◆ PROBLEM:
Copy nothing before the line that contains "техника изготовления пледа"; from there, transcribe each line exactly through the end of the material, omitting pictures.

◆ DATA EXTRACT:
::::
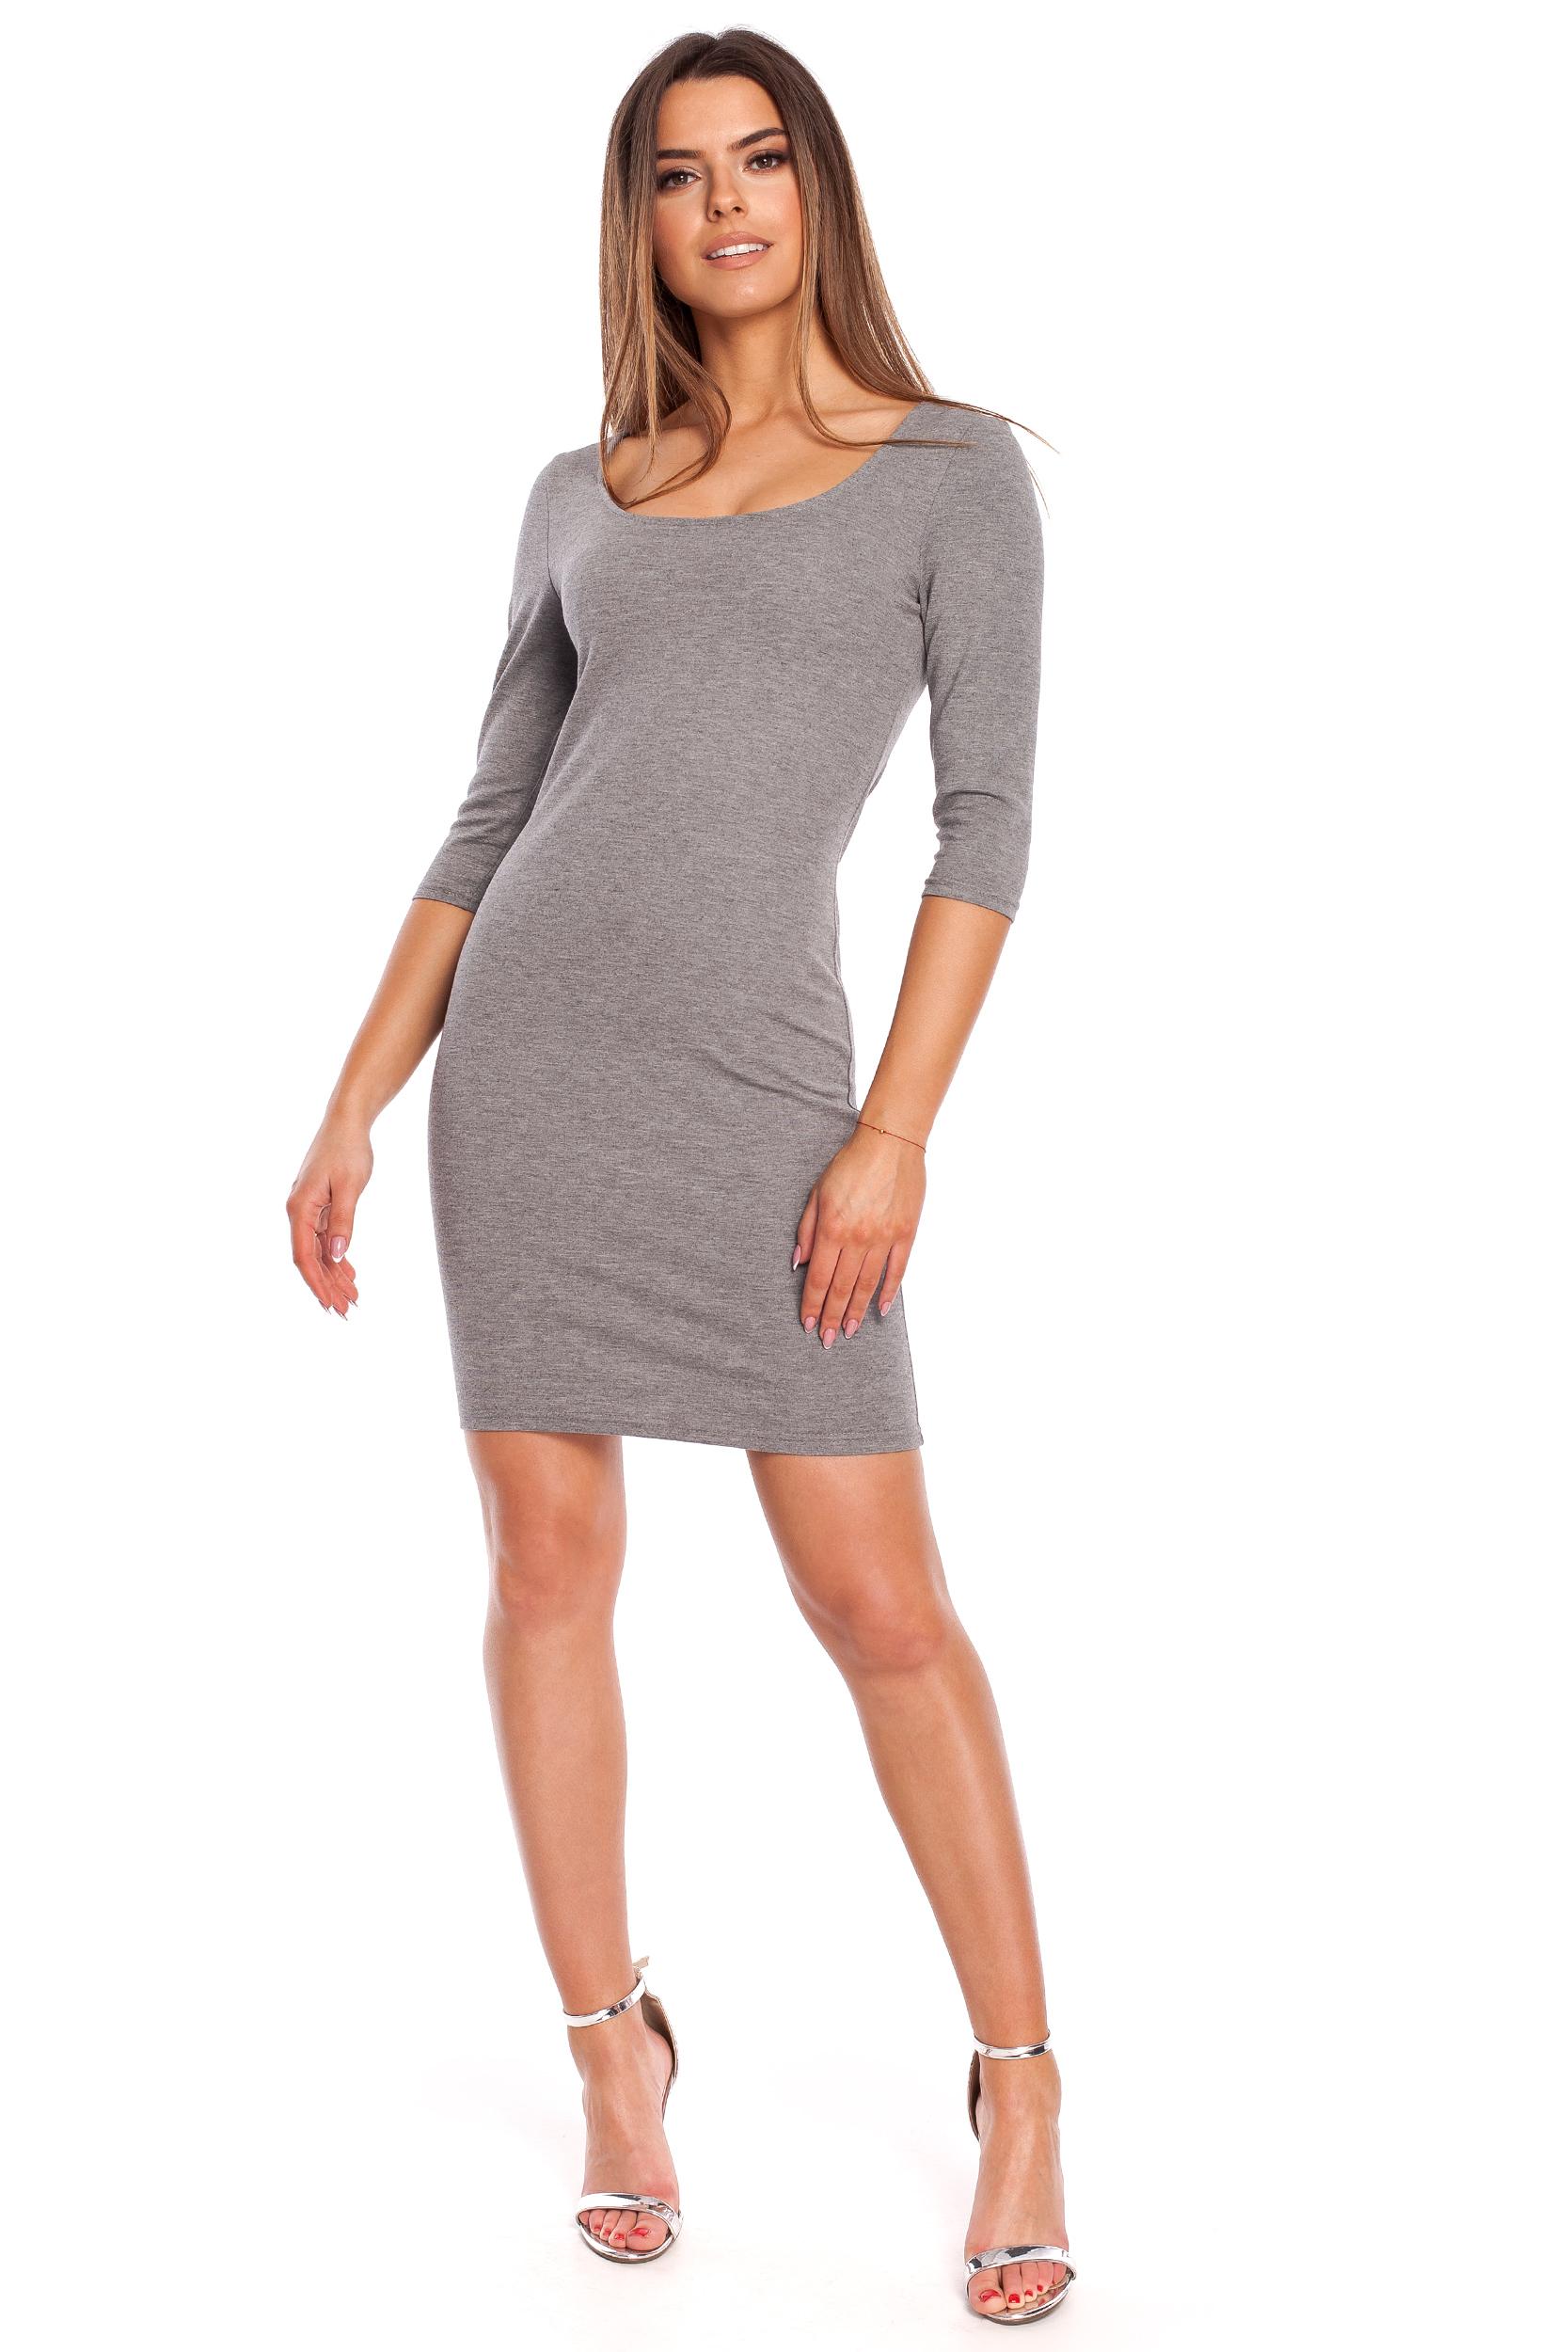 CM4321 Kobieca sukienka z krótkim rękawkiem - szara
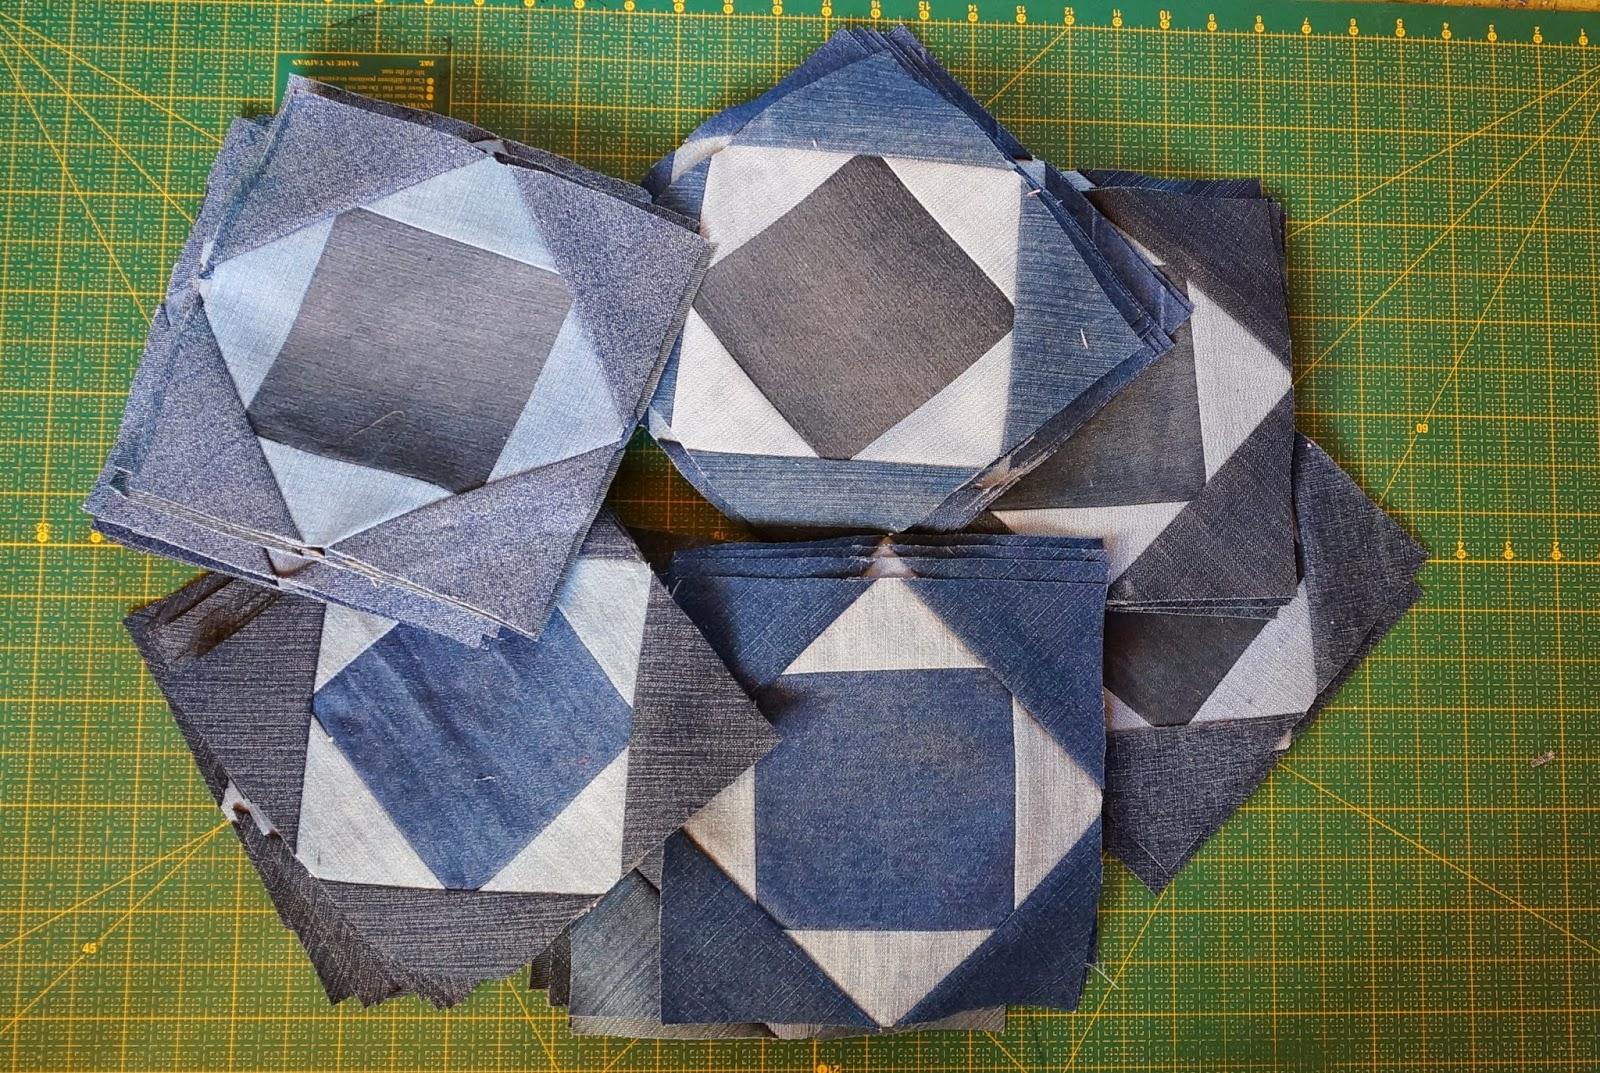 техника изготовления пледа из кусочков старых джинс
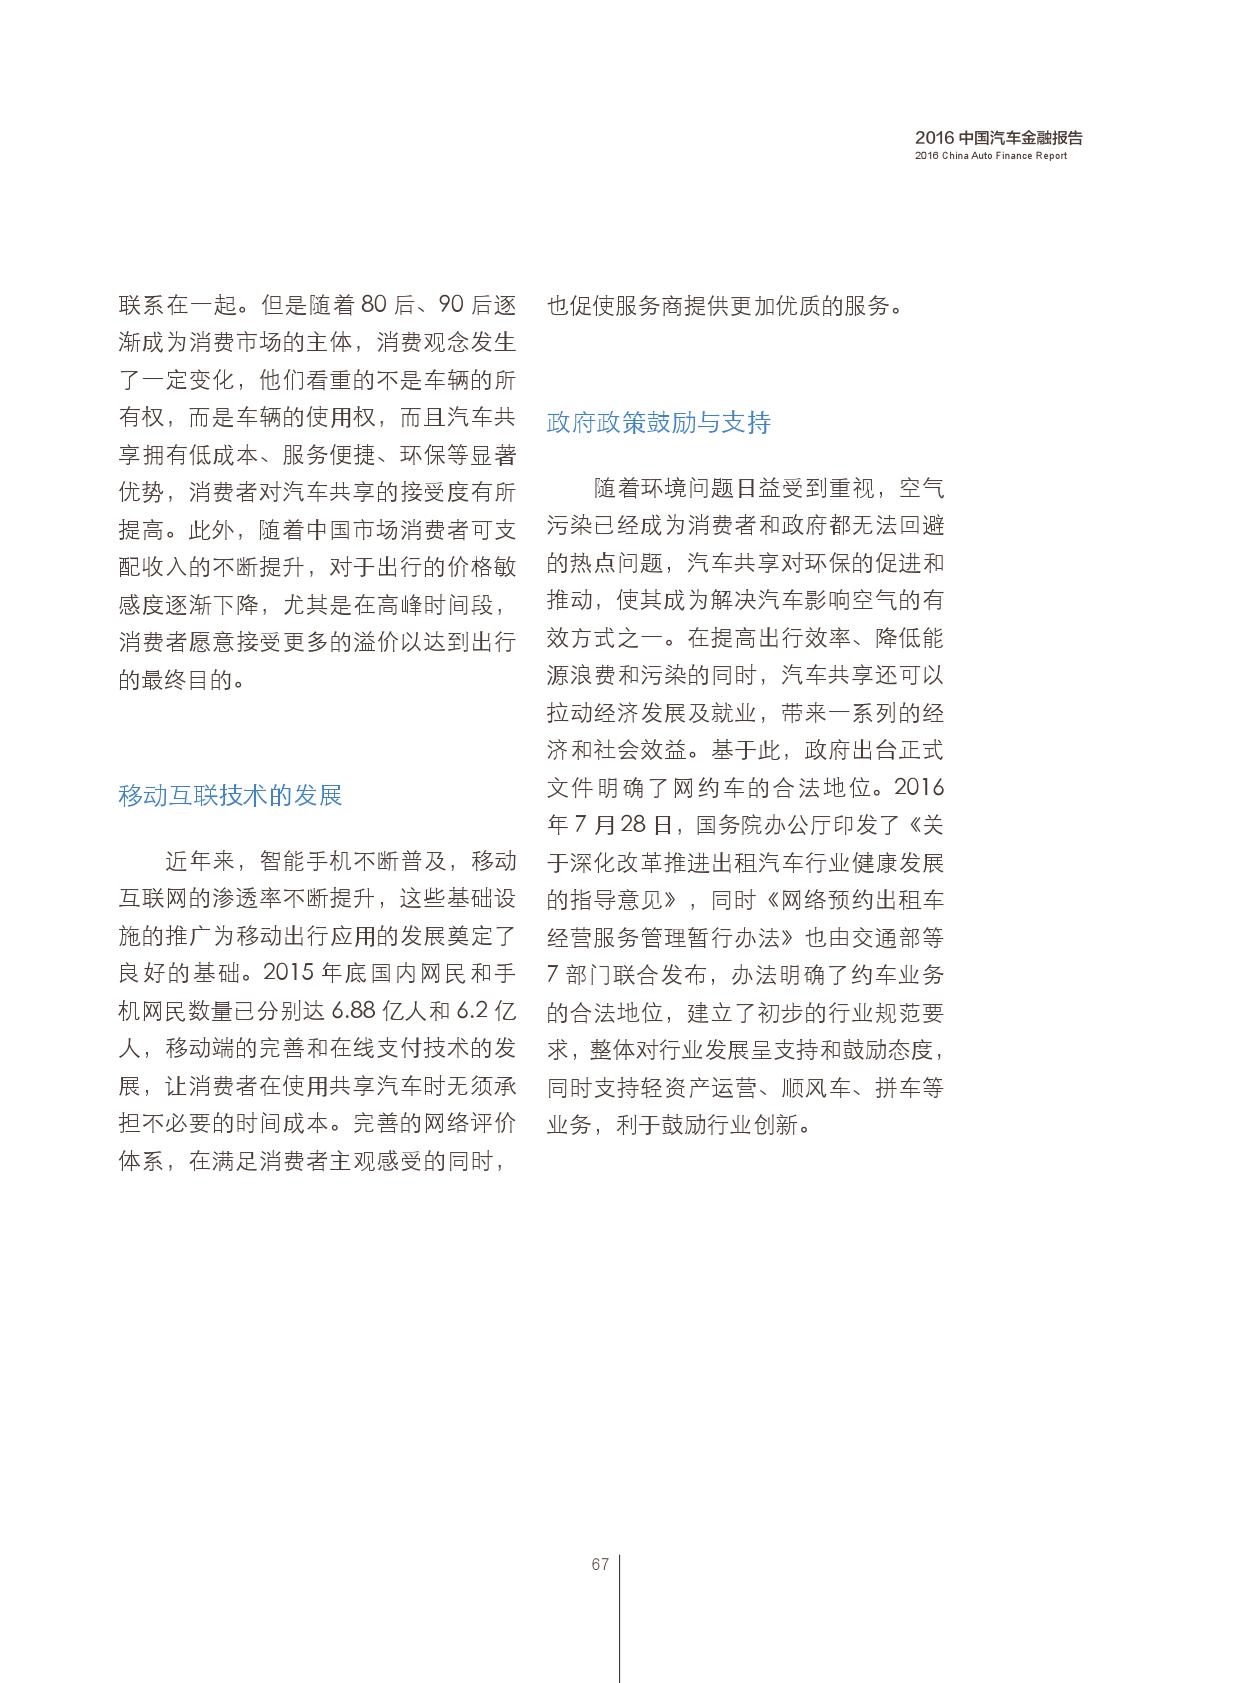 2016中国汽车金融报告_000068
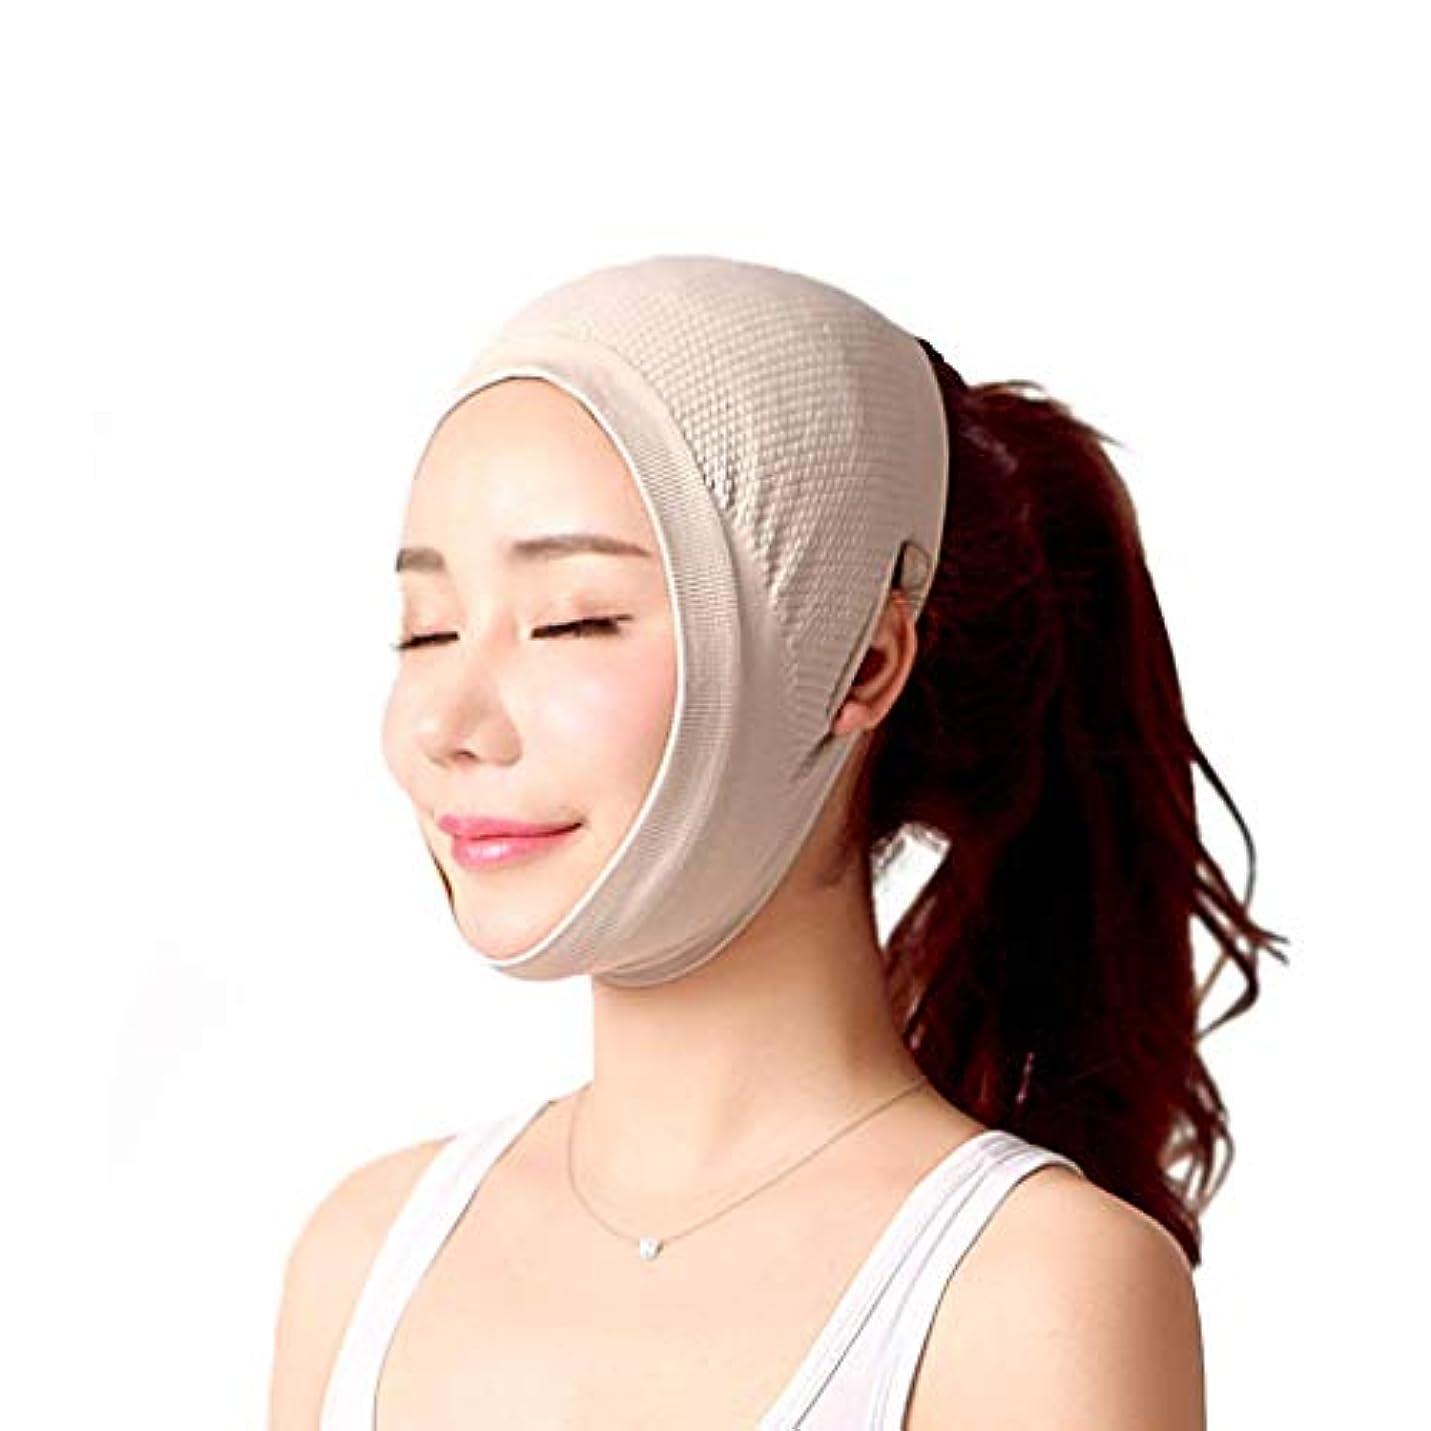 ガスお誕生日実現可能性顔痩身包帯、二重あご、二重あごを減らすために顔を持ち上げる、顔を引き締める、体重を減らすためのマスク(ワンサイズ)
::::
◆ ANSWER SECTION:
 техника изготовления пледа из кусочков старых джинс
 2016中国汽车金融报告_000068
 ガスお誕生日実現可能性顔痩身包帯、二重あご、二重あごを減らすために顔を持ち上げる、顔を引き締める、体重を減らすためのマスク(ワンサイズ)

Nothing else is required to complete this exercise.